日本製鉄によるUSスチールの買収計画を巡って、アメリカのトランプ大統領は両社の提携を支持することを表明しました。
■「日鉄とUSスチールの提携を支持」
トランプ大統領のSNSから 「慎重な検討と交渉のすえにUSスチールがアメリカに残り、本社をピッツバーグで維持することを誇らしく発表する」
トランプ大統領はSNSで日本製鉄とUSスチールの提携に支持を表明しました。
元々、USスチールの買収計画を巡っては両社で合意されていたものの…。
バイデン前大統領 「USスチールは1世紀以上にわたってアメリカを象徴する企業であり、完全なアメリカ企業であり続けるべきである」
バイデン前政権の時に国家安全保障上の懸念を理由に買収計画禁止命令が出されていました。
アメリカ鉄鋼大手クリーブランド・クリフス ゴンカルベスCEO 「日本は自分が何者か理解していない。

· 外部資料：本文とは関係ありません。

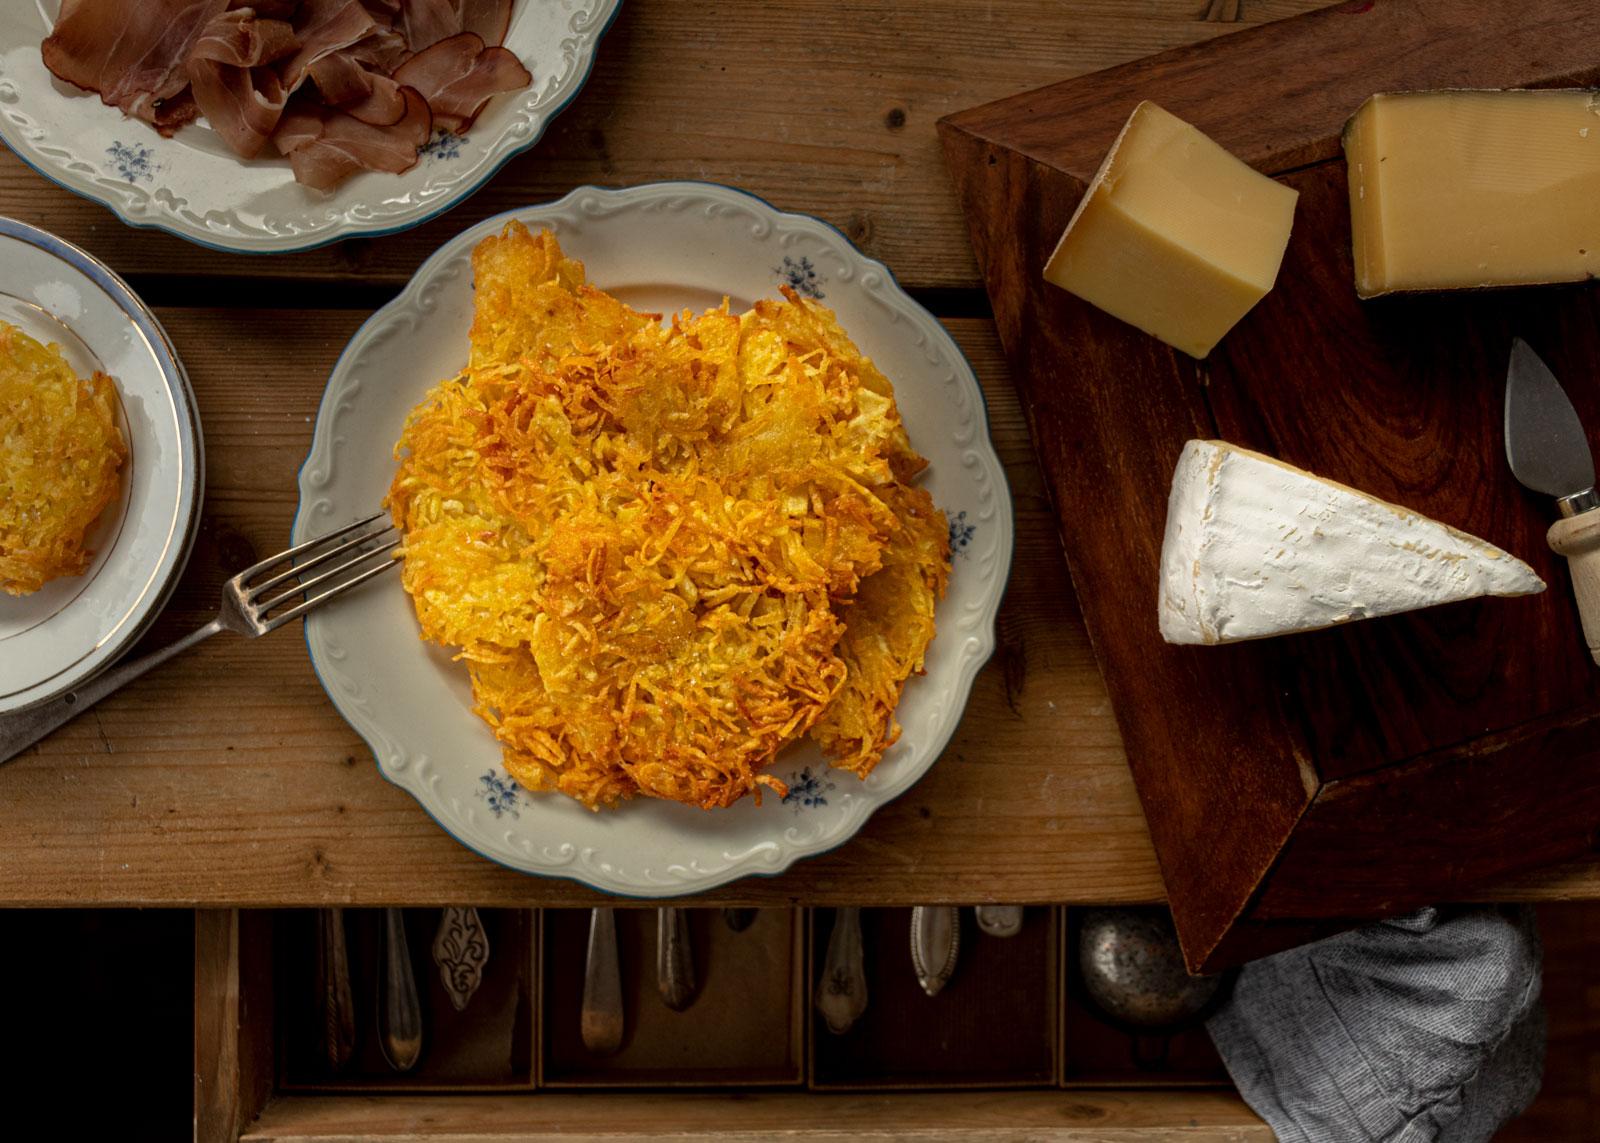 Kartoffelpuffer nach Trentiner Art - tortel di patate

1945年から何も学んでいない」
アメリカ鉄鋼大手「クリーブランド・クリフス」のゴンカルベスCEOは激しい口調で日本を名指しで批判。
その後、トランプ大統領が就任。
トランプ大統領 「買収というコンセプトが心理的によくない。彼らはUSスチールを所有するのではなく、多額の投資をすることで合意した」
この計画については対米外国投資委員会=CFIUSの勧告を受け、トランプ大統領が来月5日までに買収の是非を判断することになっていました。
今週提出された「勧告書」などによると、買収された場合でも「安全保障上のリスクは対処可能」という情報も。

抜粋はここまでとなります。